Confidential information may be disclosed during the course of a judicial proceeding in which the regularity of an assessment is questioned. See I.C. § 6-1.1-35-9(d); See also Opinion of the Public Access Counselor 09-FC-154. An assessing official or an employee of an assessing official shall immediately be dismissed from that position if the person discloses in an unauthorized manner any information that is classified as confidential under section 9. See I.C. § 6-1.1-35-11. Further, if a county or township official or an employee of such an official or board discloses in an unauthorized manner information that is classified as confidential under section 9, a person who owns property which the information pertains to may recover liquidated damages in the amount of five-hundred dollars ($500); or the person’s actual damages resulting from the unauthorized disclosure. See I.C. § 6-1.1-35-12. Finally, a public employee or official who knowingly or intentionally discloses information classified as confidential by state statute commits a Class A infraction. See I.C. § 5-14-3-10.

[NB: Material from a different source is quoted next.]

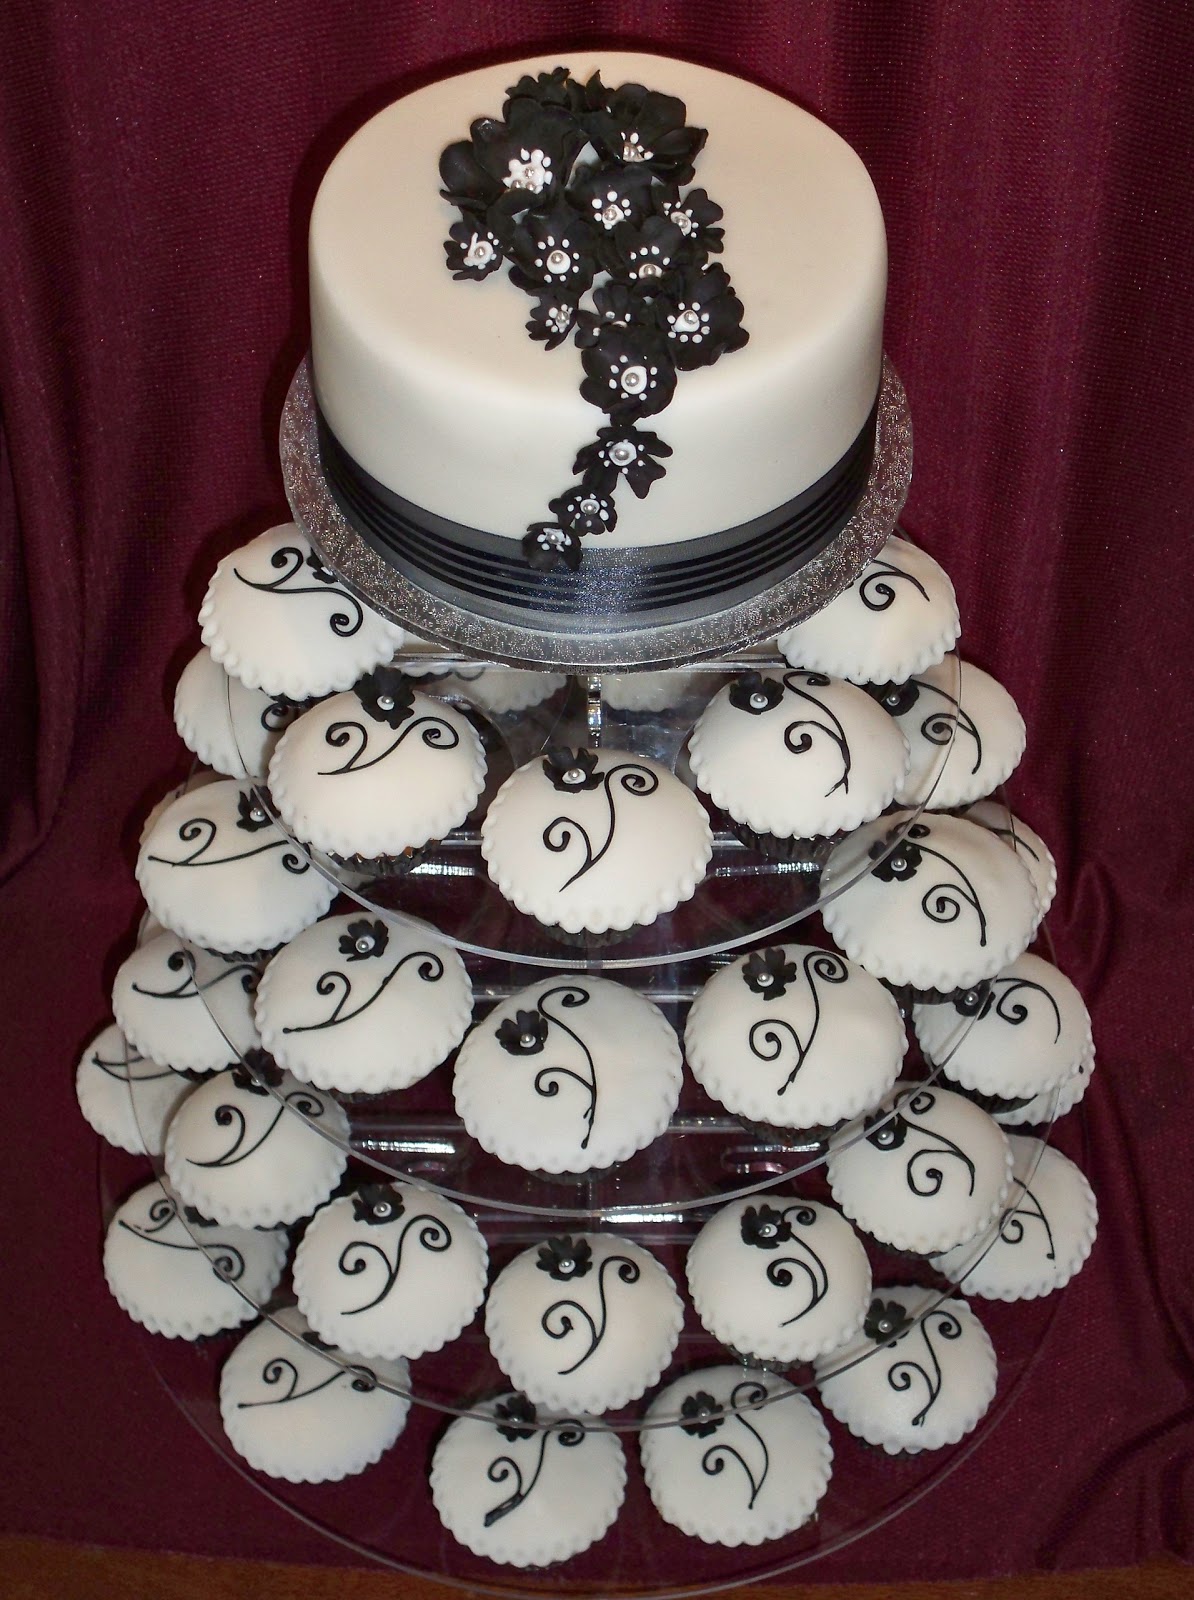 Black and White Wedding Cupcakes

The County has provided that it utilizes the actual income approach on sold rental properties to arrive at the GRM for specific areas/types of properties in the county. Upon receiving the actual income received by each landlord, the Assessor divides the Sales Price of the property by the Income to determine the GRM. There are three components in the calculation of value using the income approach; the GRM, Assessed Value, and Income. The Assessed Value divided by the GRM equals the Income received by the landlord. There is no dispute that the income from the rental property is considered to be
confidential pursuant to I.C. § 6-1.1-35-9. The Assessor has provided that the Assessed Value of the property is readily available via the County’s website. Thus, if the GRM were also to be provided, one would be able to determine the Income for each property, which the Assessor is prohibited from doing. Thus, as applied specifically to the Assessor under the facts presented, it is my opinion that the Assessor would be prohibited from providing you with the GRM in light of the other information that is already made available by the County. As such, it is my opinion that the Assessor did not violate the APRA in response to your request. See also Opinion of the Public Access Counselor 10- FC-242.

See the full order here:

http://www.in.gov/pac/advisory/files/13-FC-18.pdf

The PAC decision 10-FC-242 referenced above has a similar albeit briefer finding:

The APRA prohibits public agencies from releasing records declared confidential by state statute. I.C. § 5-14-3-4(a)(1). Under I.C. § 6-1.1-35-9, “[a]ll information that is related to earnings, income, profits, losses, or expenditures” that is given by a person to an assessing official is confidential. Accordingly, the Assessor denied you access to income information relating to rental properties in St. Joseph County. In my opinion, the Assessor is required by statute to keep such information confidential. I understand your argument that the income information is often voluntarily released by landlords who advertise it to the public. However, some landlords may choose not to release the information, even if they have done so in the past. Moreover, even if they release it to the public voluntarily through other sources, that does not relieve the Assessor of its statutory duty to keep such information confidential. The APRA provides criminal penalties for public officials and employees who knowingly or intentionally disclose
information classified as confidential by state statute. See I.C. § 5-14-3-10(a).

Consequently, in my opinion the Assessor has not violated the APRA by denying you access to the properties’ income information.